| What is needed |
Leave the pictures out and repeat the rest of the data below exactly.

| Data block |

>>>

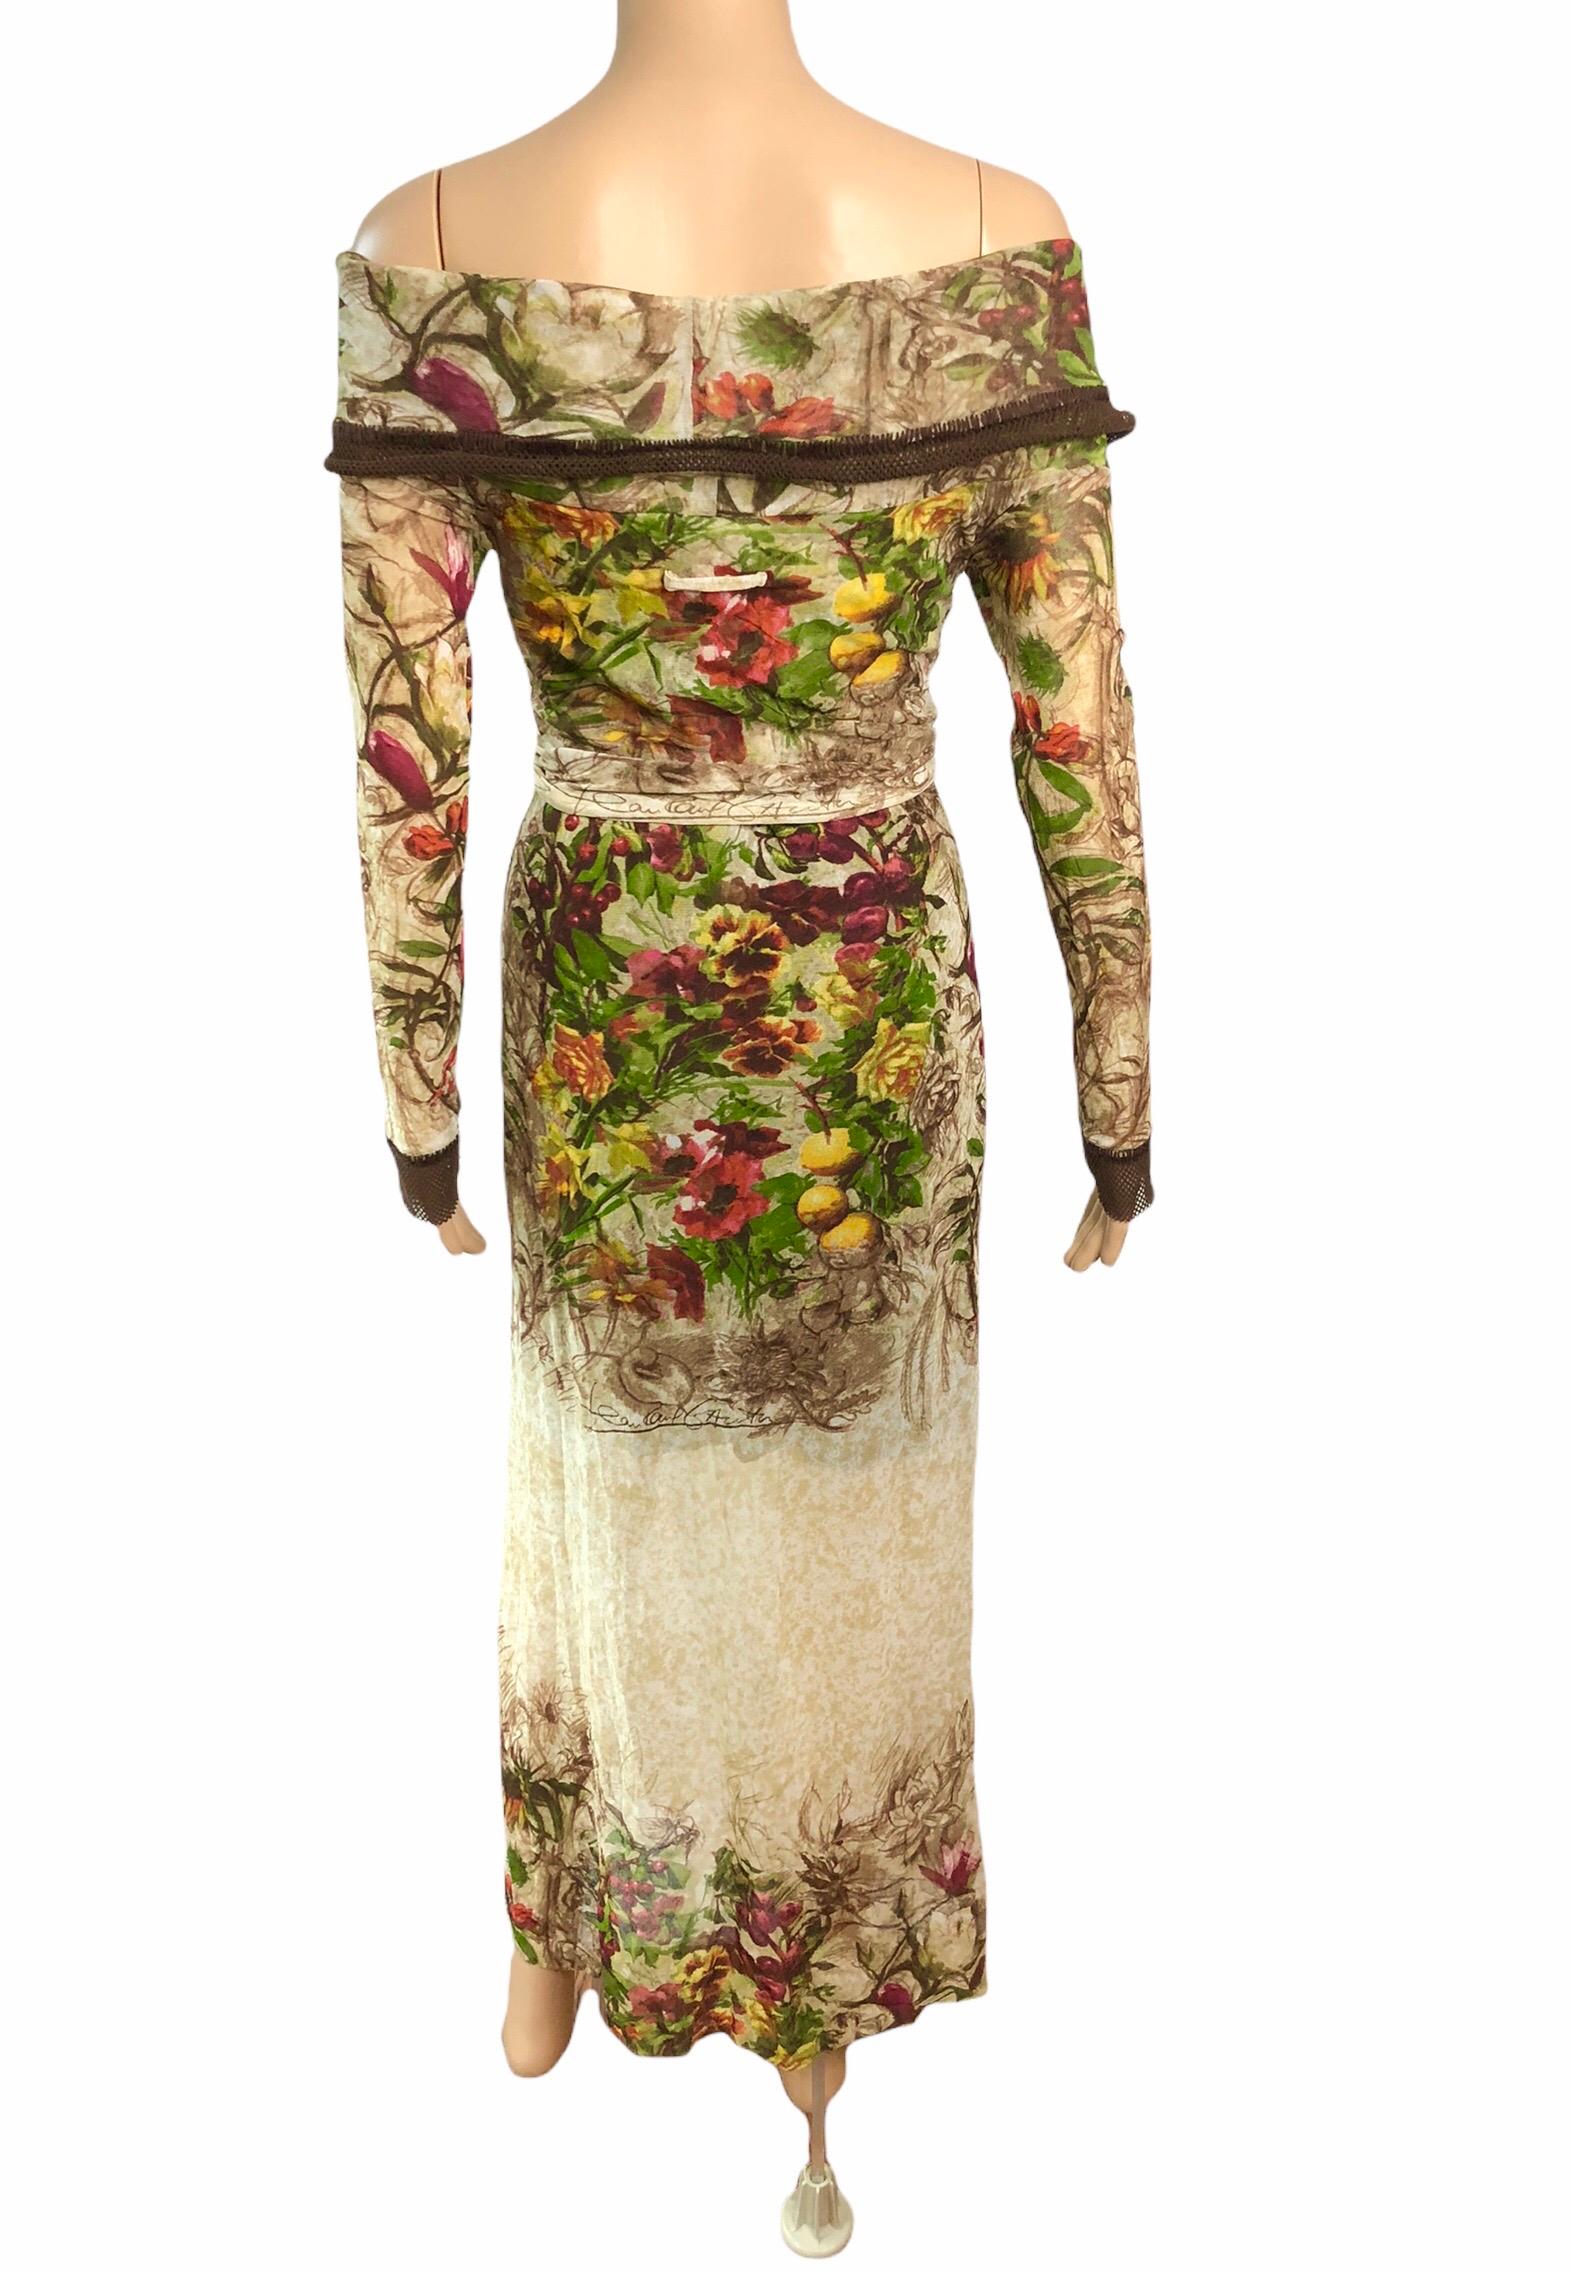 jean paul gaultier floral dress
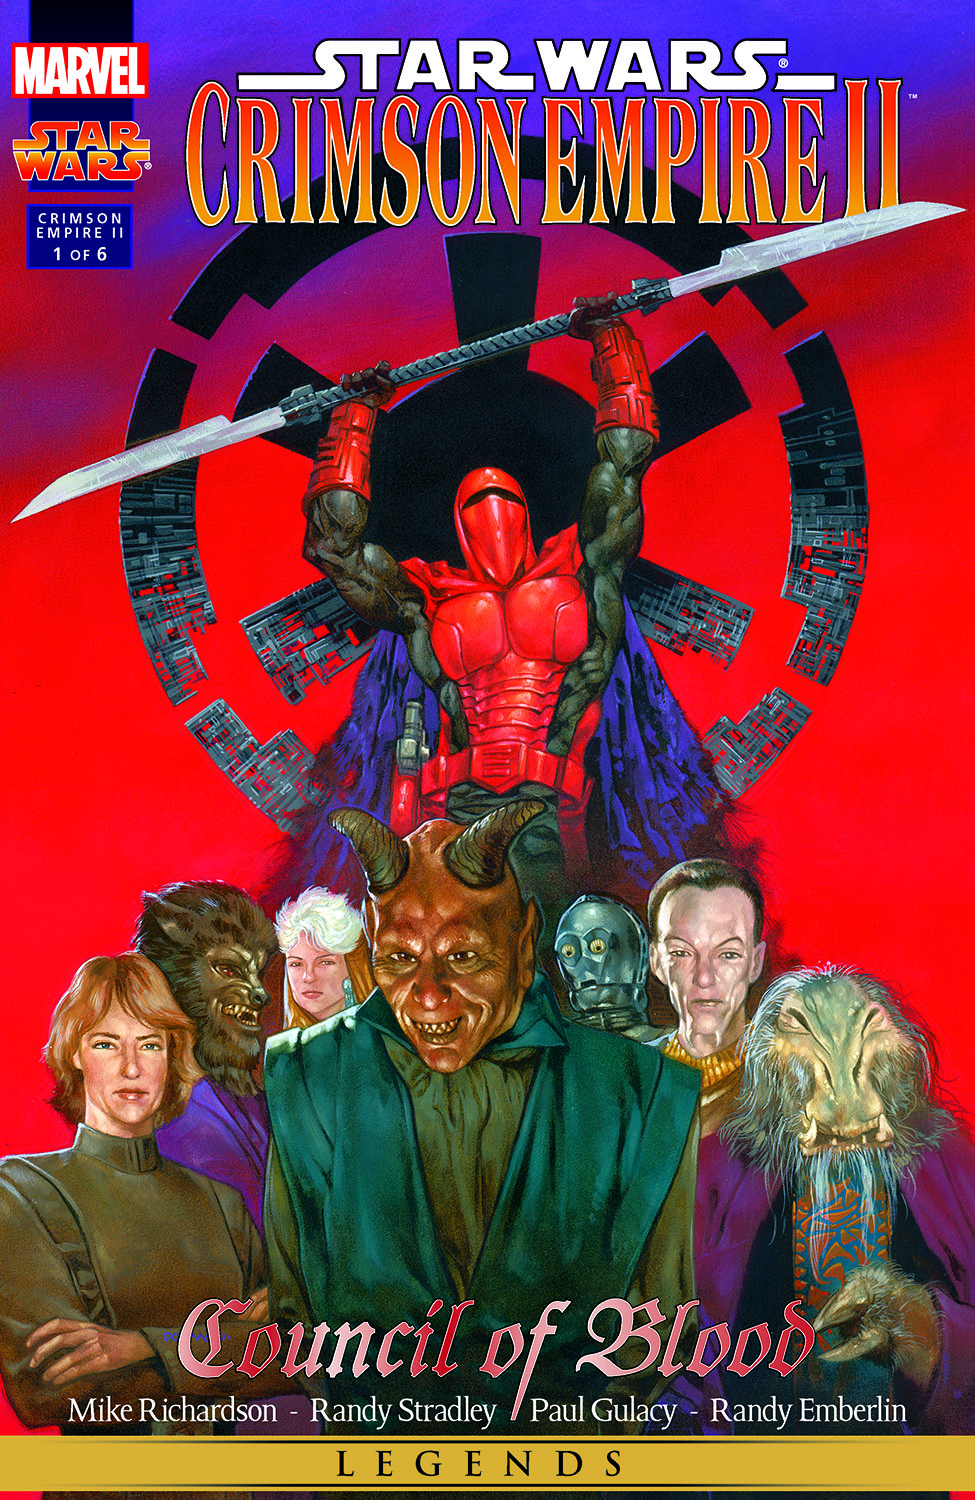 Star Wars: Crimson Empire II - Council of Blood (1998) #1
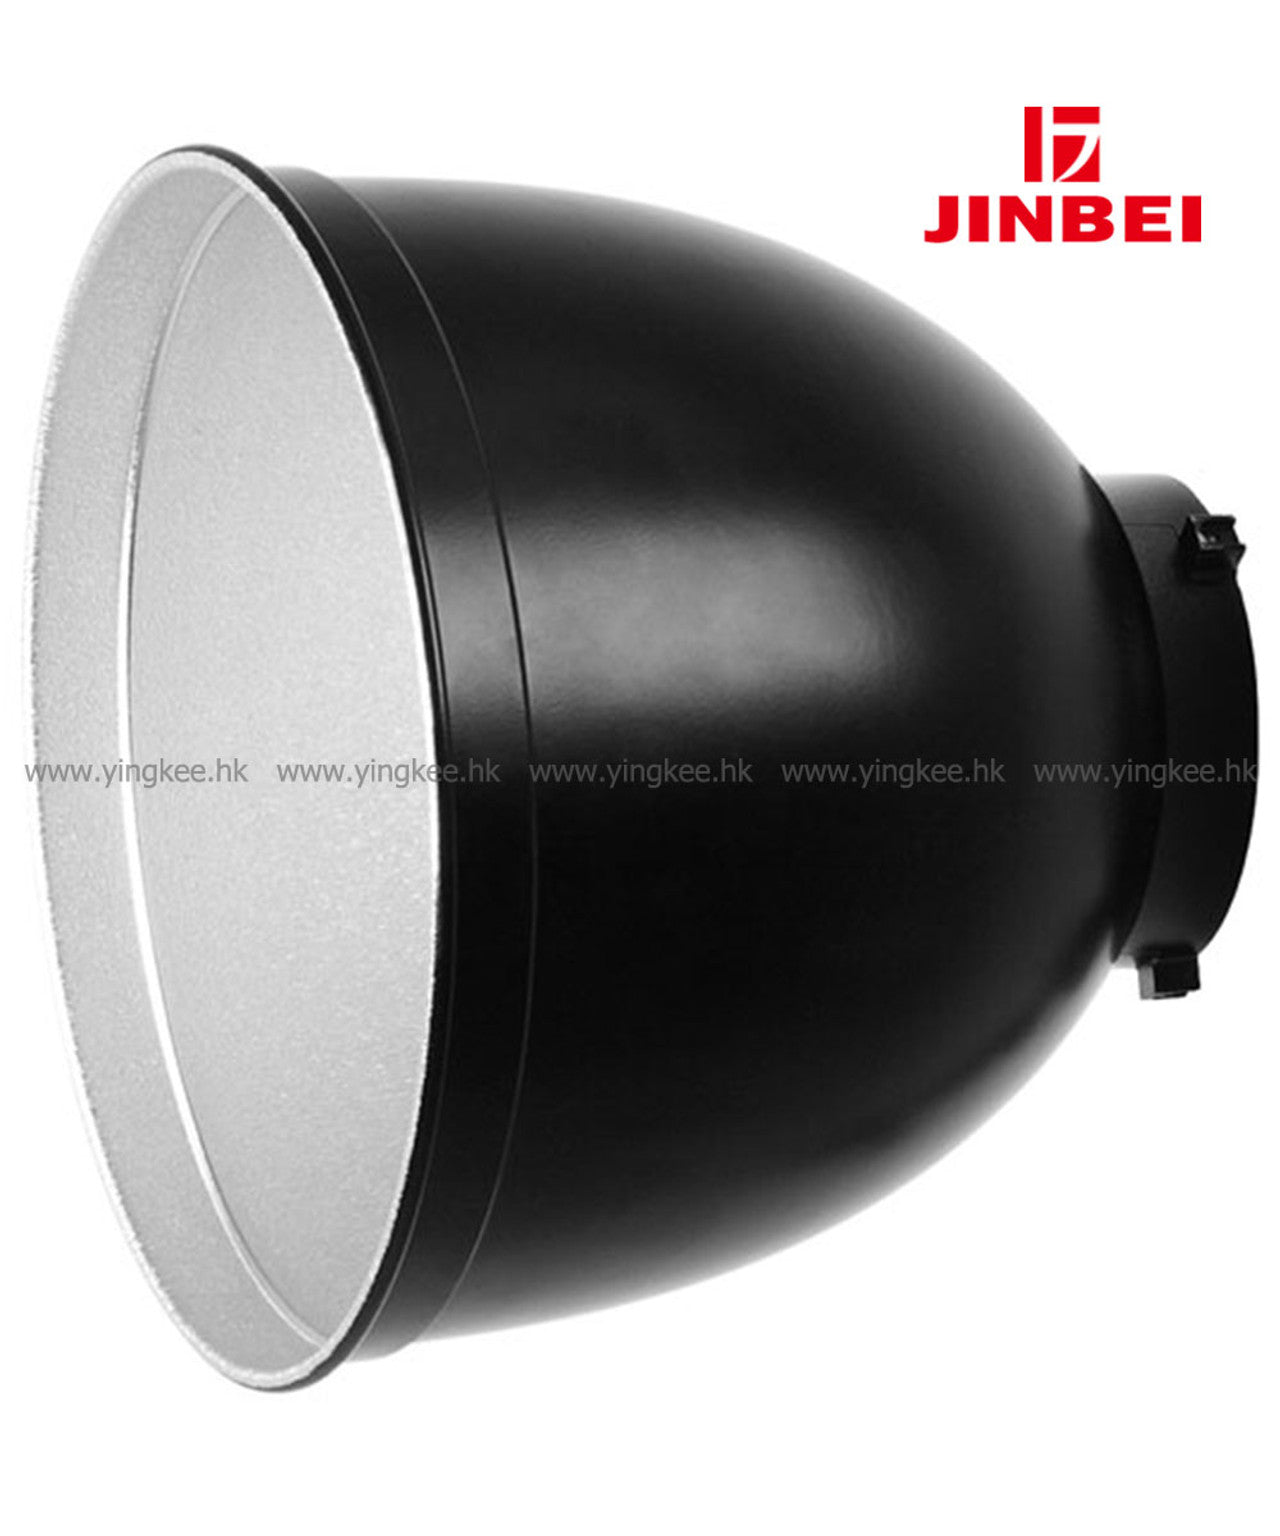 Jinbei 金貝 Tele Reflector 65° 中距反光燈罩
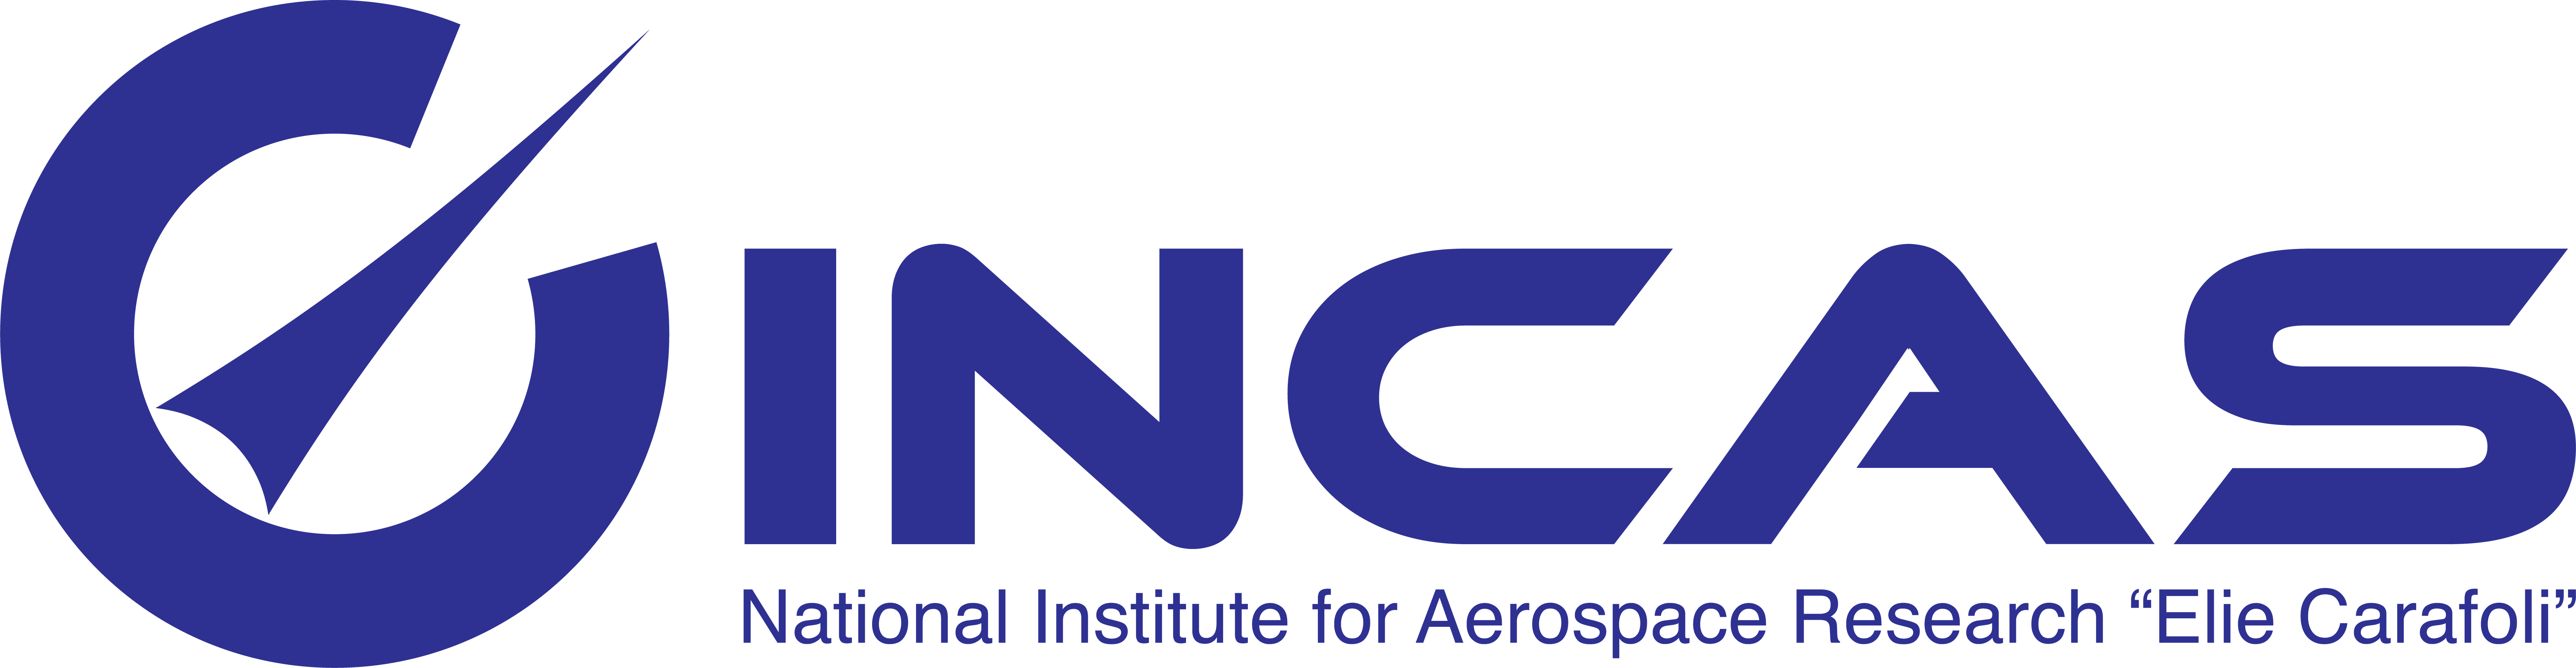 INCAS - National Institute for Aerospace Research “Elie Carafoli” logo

<<<

| Answer below |
 jean paul gaultier floral dress
 Star Wars: Crimson Empire II - Council of Blood (1998) #1
 Jinbei 金貝 Tele Reflector 65° 中距反光燈罩
 INCAS - National Institute for Aerospace Research “Elie Carafoli” logo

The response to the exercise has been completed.